Quantum theory describes a photon as a wave that spreads until it restarts at a point, like a particle, and that is why it works. In this model, it is a cloud of instances that can travel through two slits at once, but which one then is the photon? The question betrays our bias, that a photon is a particle, but according to quantum theory, it isn’t. To say a photon has wave function assumes a thing with wave properties, which isn’t possible. It follows that rather than having a wave function, the photon is the wave function, or more exactly, what generates it.

What a photon is depends on how the evidence is interpreted. In physical terms, a particle seen at a point must have always been so, but a process that restarts at a point needn’t remain so. It can just spread again, which a particle can’t do. It follows that a photon is never a particle, even when it hits a screen, as one event doesn’t make a particle. Based on quantum theory, the particle seen is a physical event caused by many quantum events, but events don’t abide because it isn’t in their nature to do so. 
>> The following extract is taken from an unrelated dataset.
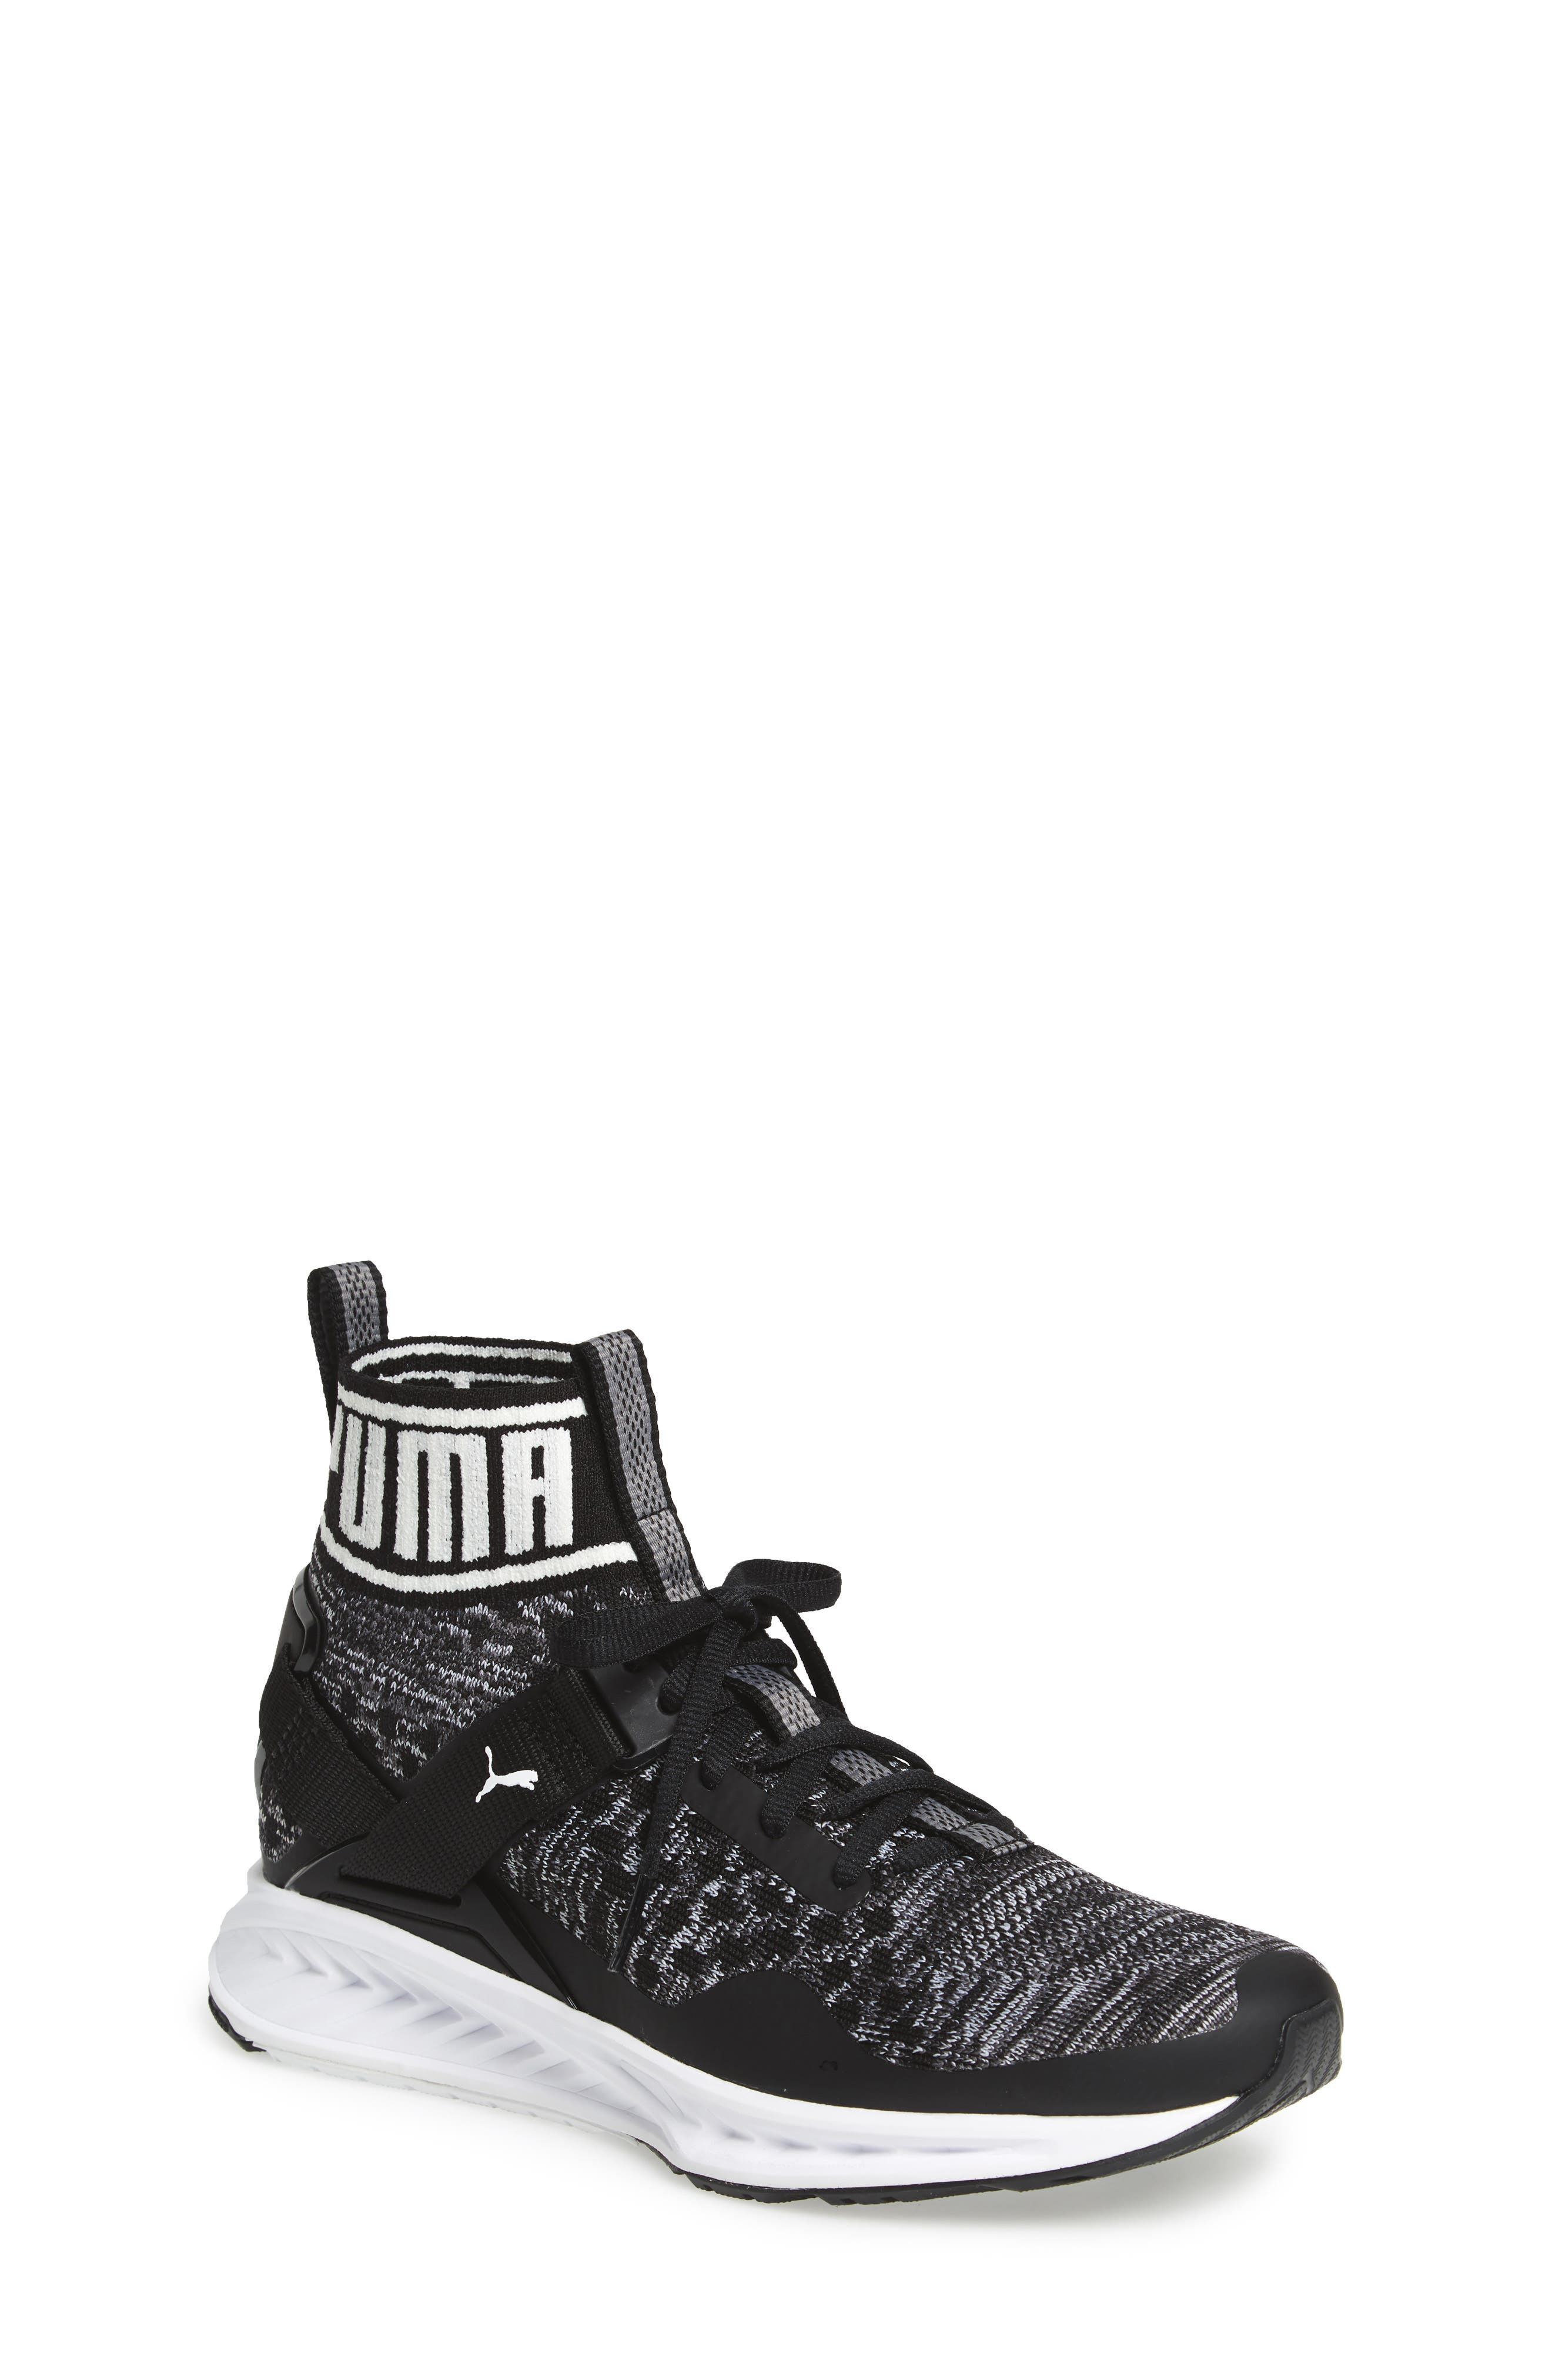 Ignite Evoknit Sneaker,                             Main thumbnail 1, color,                             001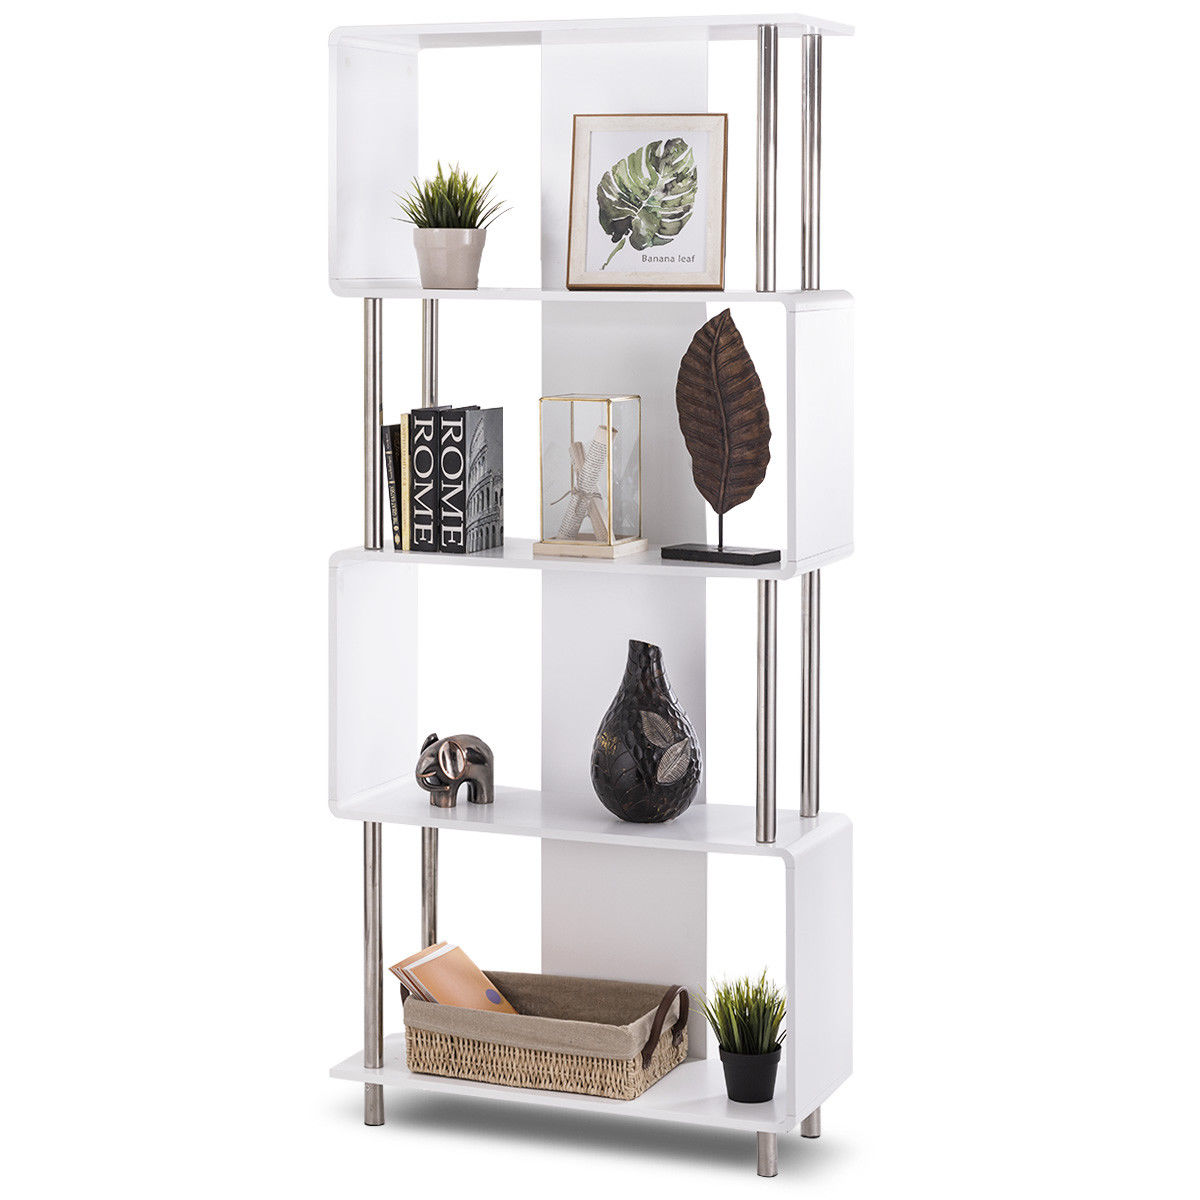 danish ideas teak modern freestanding in bookshelf decor photo stock bookcase

What then continues when a photon restarts? It isn’t its physical or quantum states but the process behind them. Quantum waves never stop because they rise again from the ashes of quantum collapse, like the phoenix. If all the matter we see, as the next chapter suggests, came from light, then it is immortal in our terms. That light never dies and space always abides was Act 1 of the drama of our universe, so if all the world’s a stage (Note 1), classical mechanics describes the stage but quantum mechanics describes the backstage events that make it happen, which is why they never die.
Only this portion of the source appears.